Member of the Alabama House of Representatives from the 10th district
- In office November 6, 2002 – November 10, 2022
- Preceded by: James C. Haney
- Succeeded by: David Cole

Personal details
- Born: September 17, 1954 (age 71) Stockton, California
- Party: Independent (2023–present) Republican (until 2023)

Military service
- Allegiance: United States of America
- Branch/service: United States Marine Corps
- Years of service: 1973–1977
- Rank: Sergeant

= Mike Ball =

American politician

Michel A. Ball (born September 17, 1954) is an American politician who was a member of the Alabama House of Representatives, representing its 10th district from 2002 to 2022.

==Biography==
Ball was born in Stockton, California where he lived until 1963 with his sister Linda and his mother who was unable to care for the children. Because of their mother's chronic severe mental illness, he and his sister were placed in foster care until California authorities arranged for the children to live with their father Leldon Ball, who operated a sawmill in Hartselle, Alabama. At 9 years old, Ball met his father for the first time when he and his sister arrived at the Birmingham, Alabama airport.

His father immediately began instilling into his son the value of service, faith, respect for others, and humility; as well as the love of music and education. He was working alongside his father at the sawmill when a flying board struck them. Because he turned to protect his 14-year-old son instead of moving out of danger, Leldon Ball was killed instantly.

Ball lived with various friends and relatives in Hartselle until joining the U.S. Marine Corps in 1973 soon after graduating high school. He was honorably discharged as a sergeant in 1977. A previous ruling by U.S. Federal Judge Frank M. Johnson, Jr that removed height and weight restrictions cleared the way for Ball at 5'4" and 135 lbs to become an Alabama State Trooper in 1978, the smallest in its history at the time.

He served in uniform as a highway patrolman for 8 years, as well as a member of the SWAT team and the Special Operations Unit.  In 1986, Ball transferred to the Major Crimes Unit of the Alabama Bureau of Investigation conducting a wide variety of criminal inv including His investigations included homicide, public corruption, voter fraud, child abuse, and organized crime. He was also the lead hostage negotiator in numerous hostage/barricade suspect incidents throughout the state. Ball retired from the Alabama State Troopers in 2002 with 25 years of law enforcement service.

In 2002, Ball was elected as a Republican to represent the 10th District in the Alabama Legislature which encompasses Redstone Arsenal, the Marshall Space Flight Center, and the U.S. Space and Rocket Center.

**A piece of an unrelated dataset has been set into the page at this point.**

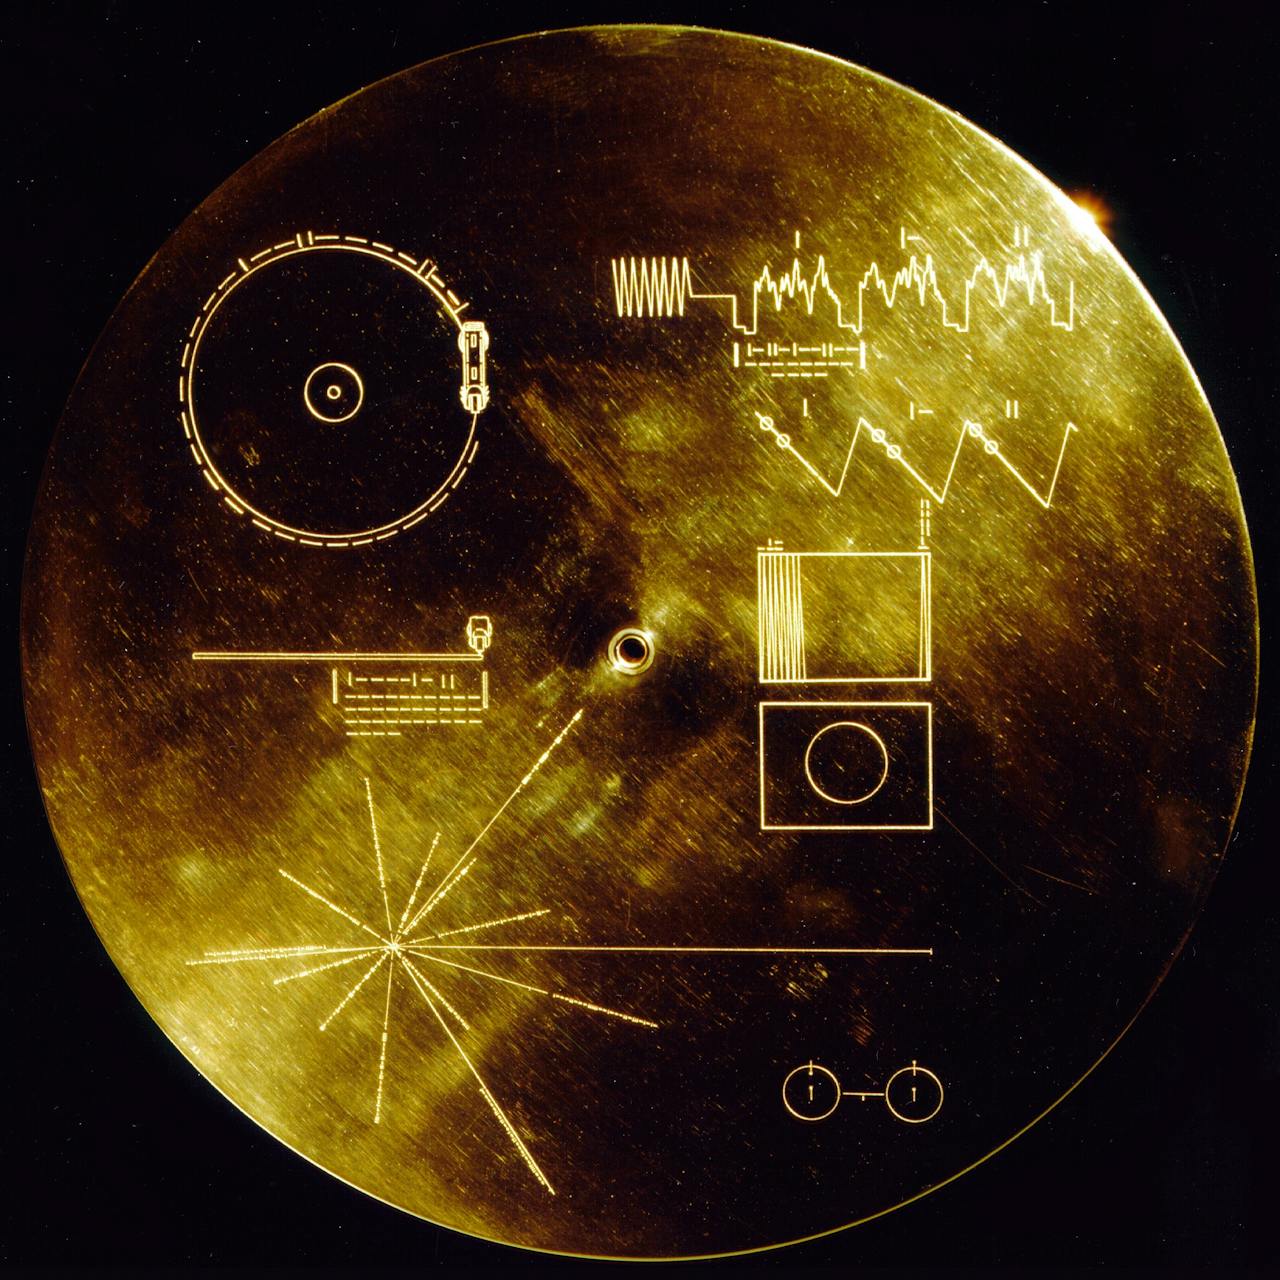 Een afbeelding van gouden plaat Voyager met daarop verschillende voorwerpen.
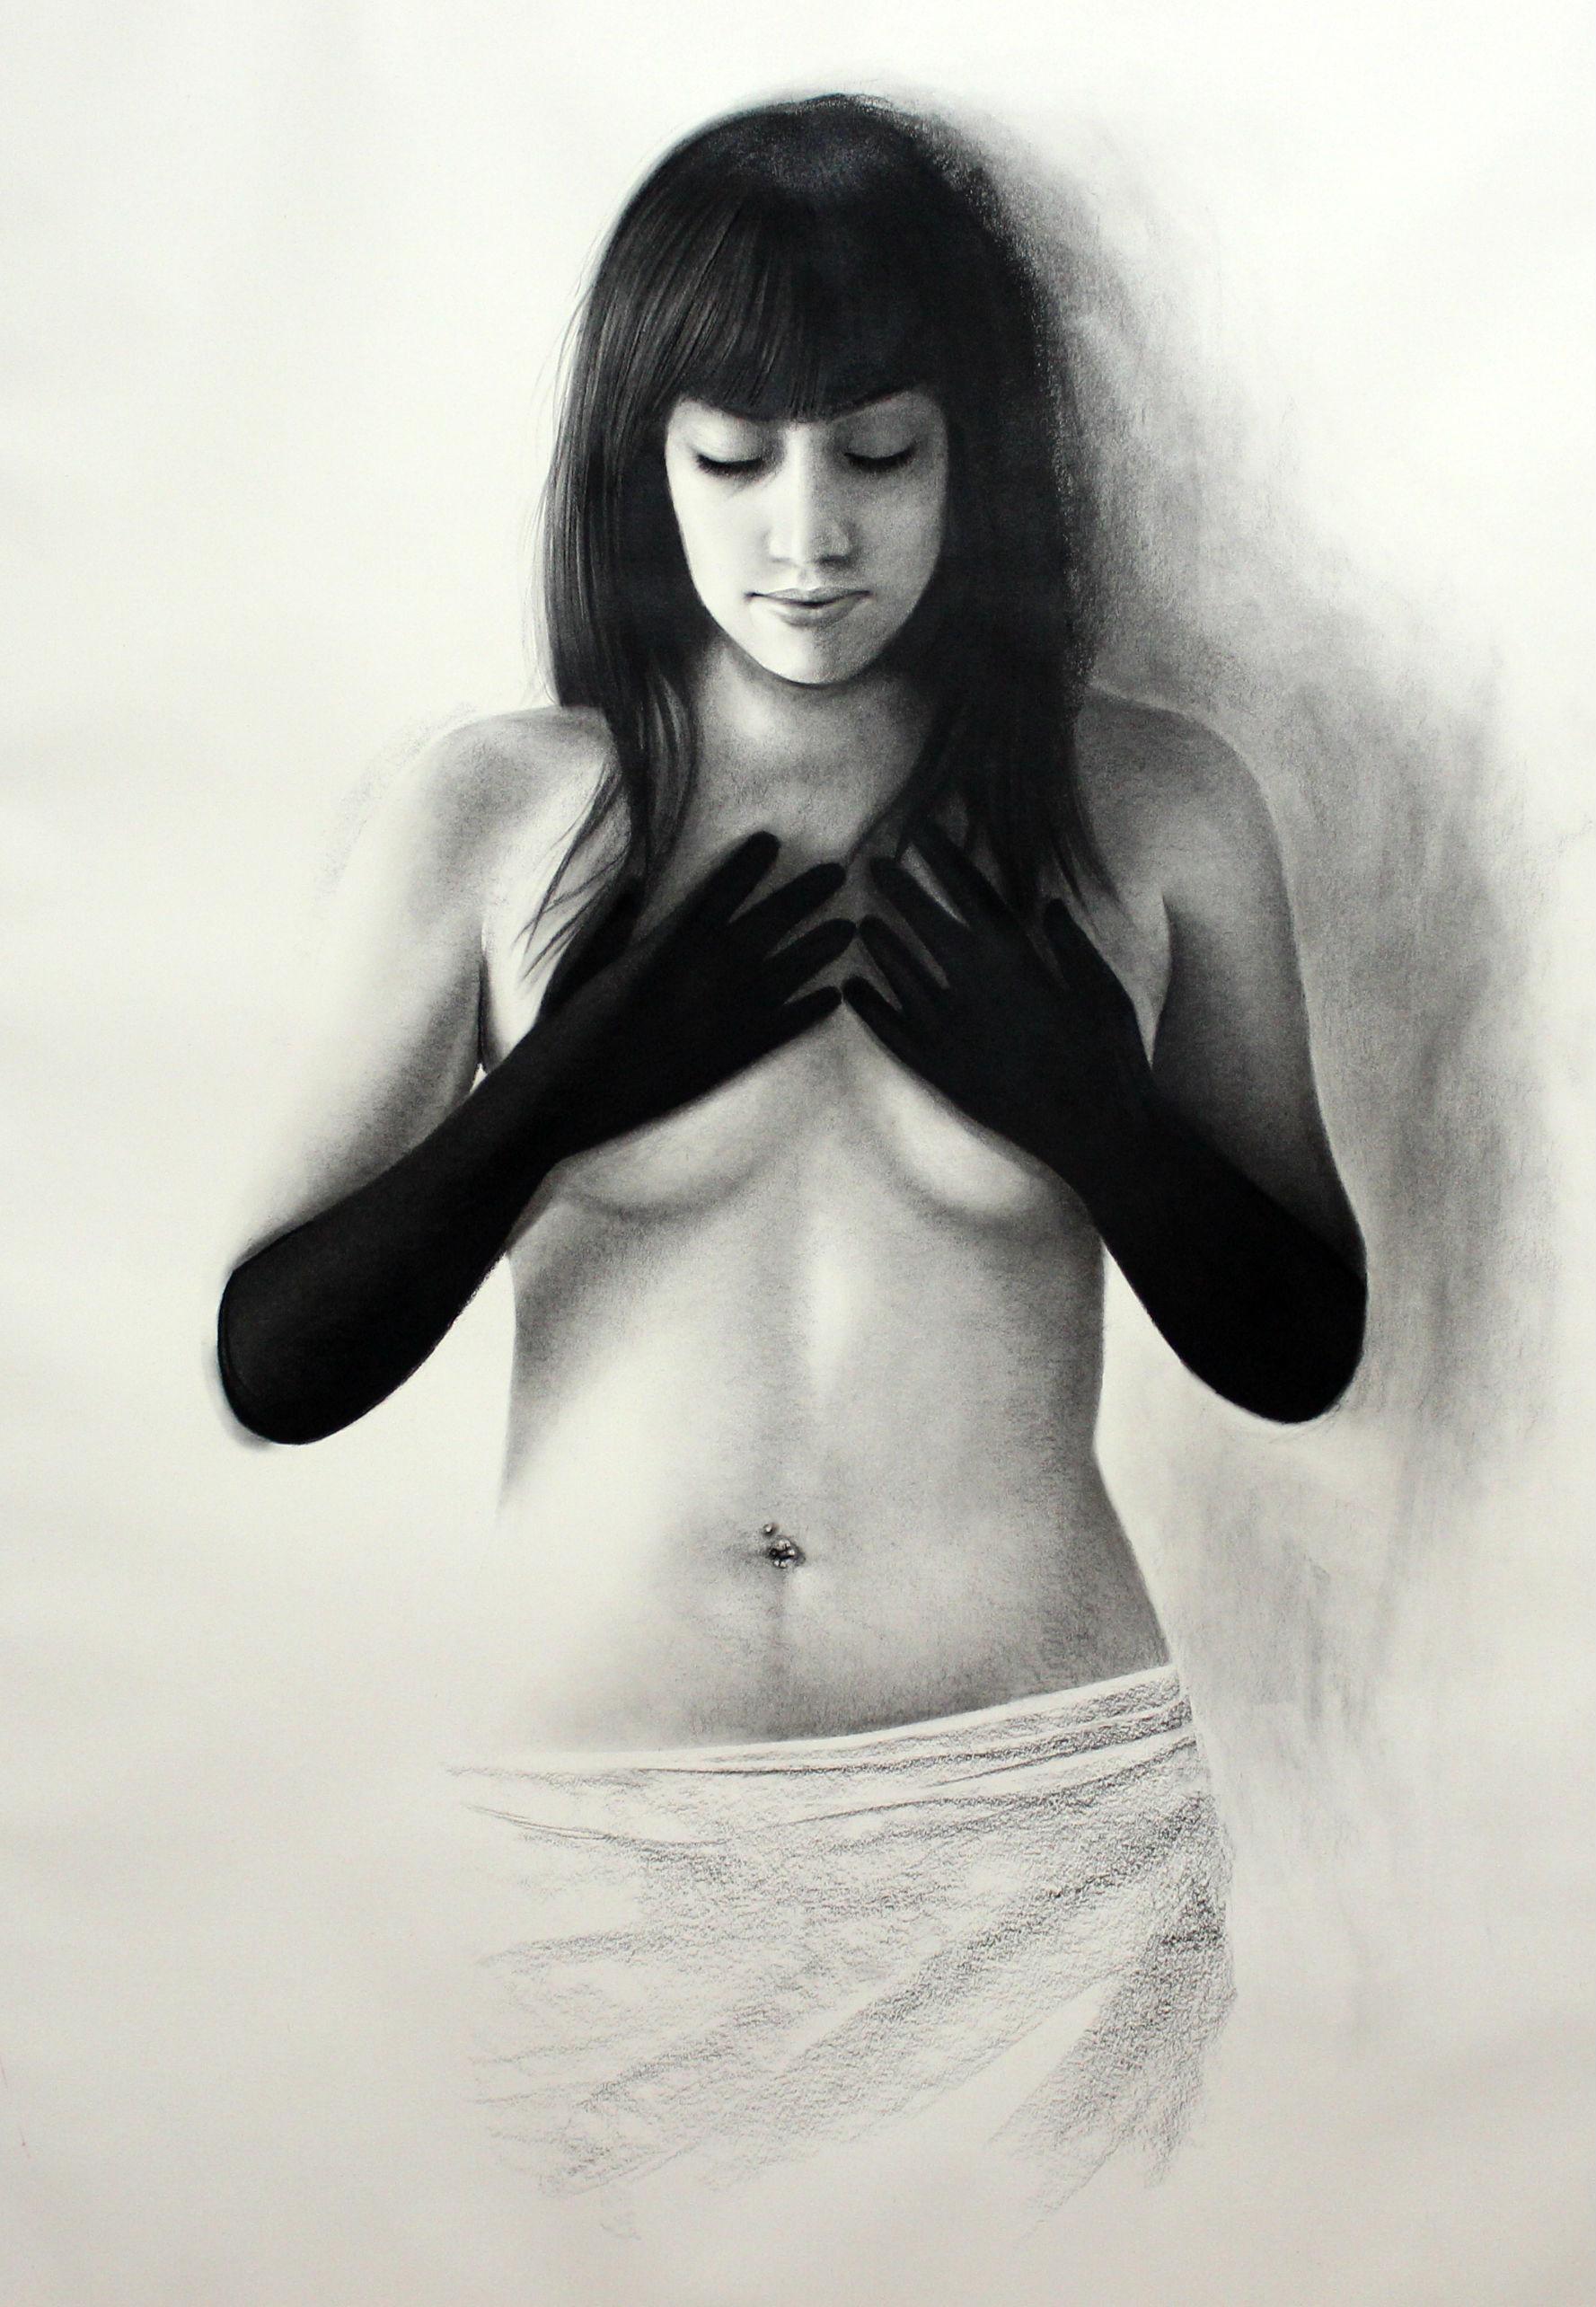 Shuta Ruelas Nude – Woman mit schwarzen Handschuhen, nackte Frau mit Händen an ihren Breasts, Kohlezeichnung

During his 20-year tenure as a state representative he served as Chairman of the House Ethics and Campaign Finance Committee and the Chairman of the Madison County House Delegation, in addition multiple other committees including Judiciary, Public Safety, Education Policy, County and Municipal Government, State Government, and Internal Affairs.

Although, much of his legislative career was focused the promotion of comprehensive Ethics and Transparency reforms in Alabama, he is probably best known for his advocacy for medical cannabis since the passage of Carly's Law in 2014, Leni's Law in 2016, and the Darren Wesley "Ato" Hall Compassion Act in 2021.

After several years of declining interest in partisan politics, Ball chose not to run for another legislative term in 2022, to publish his memoir, Picking, Politicking, and Pontificating (While Faithfully Fighting Corruption) and devote his attention to writing, storytelling, mentoring, and music.

Soon after his final session in 2022, Ball left the Republican Party, declaring himself an unaffiliated independent. During the 2022 campaign between the Republican candidate David Cole and the Democratic candidate Marilyn Lands, Ball remained neutral; although Lands had been his campaign manager in 2002 when he was first elected to the state legislature. However, following the 2023 resignation of Ball's successor in the 10th district, David Cole, following an election fraud conviction, Ball endorsed Lands when she ran in the subsequent special election as a Democrat.

Ball and his wife Karen live in Madison, Alabama with their two dogs Grant and Molly.